The Wall Street Journal
Wednesday offered a harsh assessment of President Barack Obama's embrace of a proposal by Russia for international monitors to seize and destroy Syria's supply of chemical weapons, saying he should have rejected it outright.
"What could be worse for America's standing in the world than a Congress refusing to support a President's proposal for military action against a rogue regime that used WMD [weapons of mass destruction]?" the paper said in an editorial.
"Here's one idea: a U.S. president letting that rogue be rescued from military punishment by the country that has protected the rogue all along."
Obama's support for the Russian proposal may allow him and Congress to escape the political pain of a vote to authorize the use of force against Syria, Journal editors said. But they added, "The diplomatic souk is now open, and Mr. Obama has turned himself into one of the junior camel traders."

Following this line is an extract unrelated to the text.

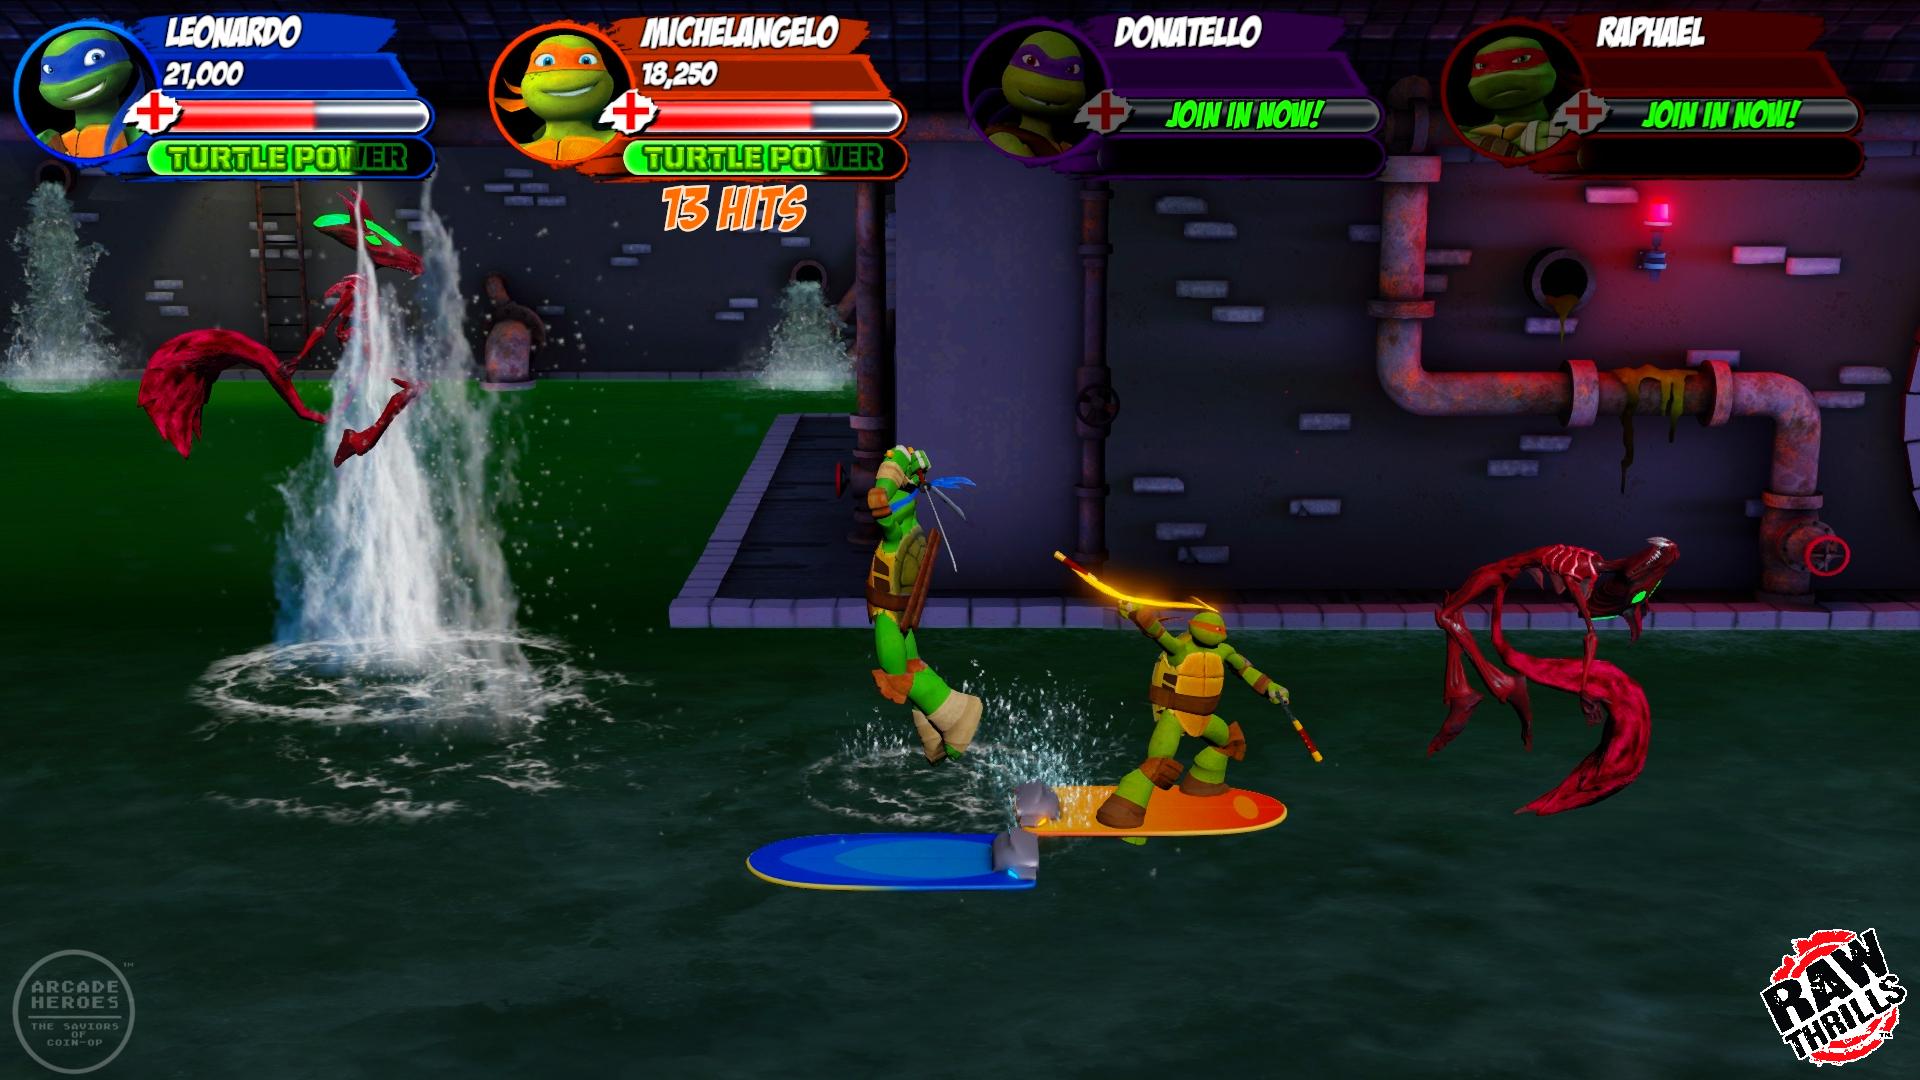 Arcade Heroes Sewer Level & Shredder's Throne Room Revealed

"The White House should have rebuffed the offer given Russia's long protection of [Syrian President Bashar] Assad at the United Nations," the editorial continued
Pointing to reports that Russia is opposed to drafting a U.N. resolution that would blame the Syrian government for using chemical weapons, the editorial says, "Fiasco is too kind [a description] for this spectacle. Russia has publicly supported Assad's denials that he used sarin gas, but we are now supposed to believe it will thoroughly scrub Syria of those weapons."
The Journal went on to say that even if it's possible to pull off the Russian deal ending in the collection of all of Assad's chemical weapons, the dictator will still "emerge without punishment for having used chemical weapons."
In addition, he won't have to worry about future military opposition from the United States or its allies, the editorial continued, because "Mr. Obama won't risk another ramp-up to war given the opposition at home and abroad to this effort."
In conclusion, the Journal quoted a British commentator describing Monday's disclosure of a possible Russian deal as a solution to the crisis as "the worst day for U.S. and wider Western diplomacy since records began."
"That's only a mild exaggeration," the Journal said. "A weak and inconstant U.S. President has been maneuvered by America's enemies into claiming that a defeat for his Syria policy is really a triumph."